Detectives from the Operation Support Unit (OSU) have arrested a second suspect in connection with the Sh28 million fake gold scam that defrauded an American national of USD 217,900 in a botched 495-kilogram gold deal.

The suspect, Mohammed Noor Muhyadhin Mohammed, was apprehended in Nairobi as investigators widened the probe into what authorities describe as a well-coordinated money laundering network.

Funds Traced to Business Account

Investigations revealed that on February 3, 2026, Mohammed allegedly received USD 217,900 through his company, Mohazcom Trading, into an account held at the National Bank of Kenya.

The funds had reportedly been debited from accounts belonging to MOAC Advocates at the same bank and were purportedly payment for 495 kilograms of gold that was never delivered to the victim.

Detectives say that shortly after the funds were credited, Mohammed wired the entire amount to accounts held by Tecno Mobile Limited at Citibank in Hong Kong. The transfer was allegedly meant to facilitate a new shipment of mobile phones, which investigators say has yet to arrive in Kenya.

Alleged Forex Bureau Link

Further inquiries established that Mohammed has maintained a business relationship spanning more than a decade with a forex bureau located along Standard Street in Nairobi.

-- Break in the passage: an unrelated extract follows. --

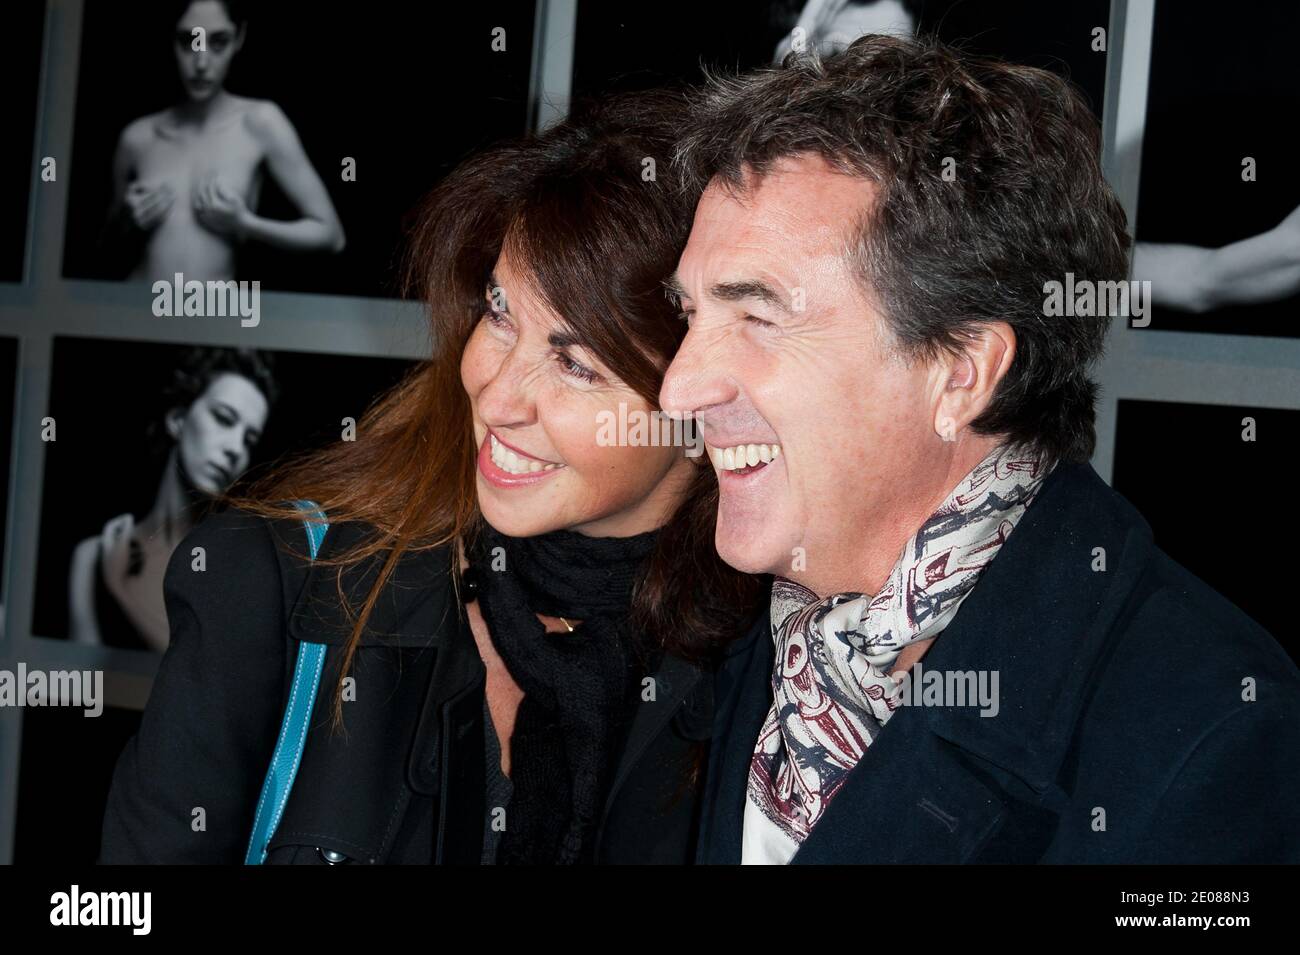 Francois Cluzet and Narjiss Cluzet attending the photocall for the Cesar's 2012 Revelations held at Chaumet, place vendome, in Paris, France on January 16, 2012. Photo by Nicolas Genin/ABACAPRESS.COM Stock Photo

Investigators believe the forex bureau may have played a key role in facilitating substantial cross-border transfers, including the transaction now under investigation.

Authorities are examining whether the transfers exhibit classic indicators of money laundering, including layering and rapid offshore movement of funds.

Connection to Earlier Arrest

Mohammed’s arrest follows the earlier arraignment of Willis Onyango Wasonga, also known as “Marcus,” who was presented before the Milimani Law Courts on February 16, 2026.

Wasonga was charged with conspiracy to defraud, obtaining money by false pretences, and multiple offences under the Proceeds of Crime and Anti-Money Laundering Act (POCAMLA). He pleaded not guilty and was granted a bond of Sh1 million with two contact persons or an alternative cash bail of Sh350,000.

Alleged Cover-Up Attempts

In what detectives describe as an attempt to legitimise the transfer of USD 217,900, MOAC Advocates reportedly presented a debt settlement agreement allegedly signed by Mohammed and another suspect still at large.

However, investigators have since determined that the document was allegedly designed to create the appearance of a legitimate transaction and conceal fraudulent activity.

More Suspects Pursued

Mohammed remains in custody undergoing processing pending arraignment, while detectives pursue three additional suspects believed to be linked to the scheme.

The Directorate of Criminal Investigations (DCI) says the case underscores its ongoing commitment to dismantling gold scam syndicates and combating money laundering networks that exploit international investors and damage Kenya’s commercial reputation.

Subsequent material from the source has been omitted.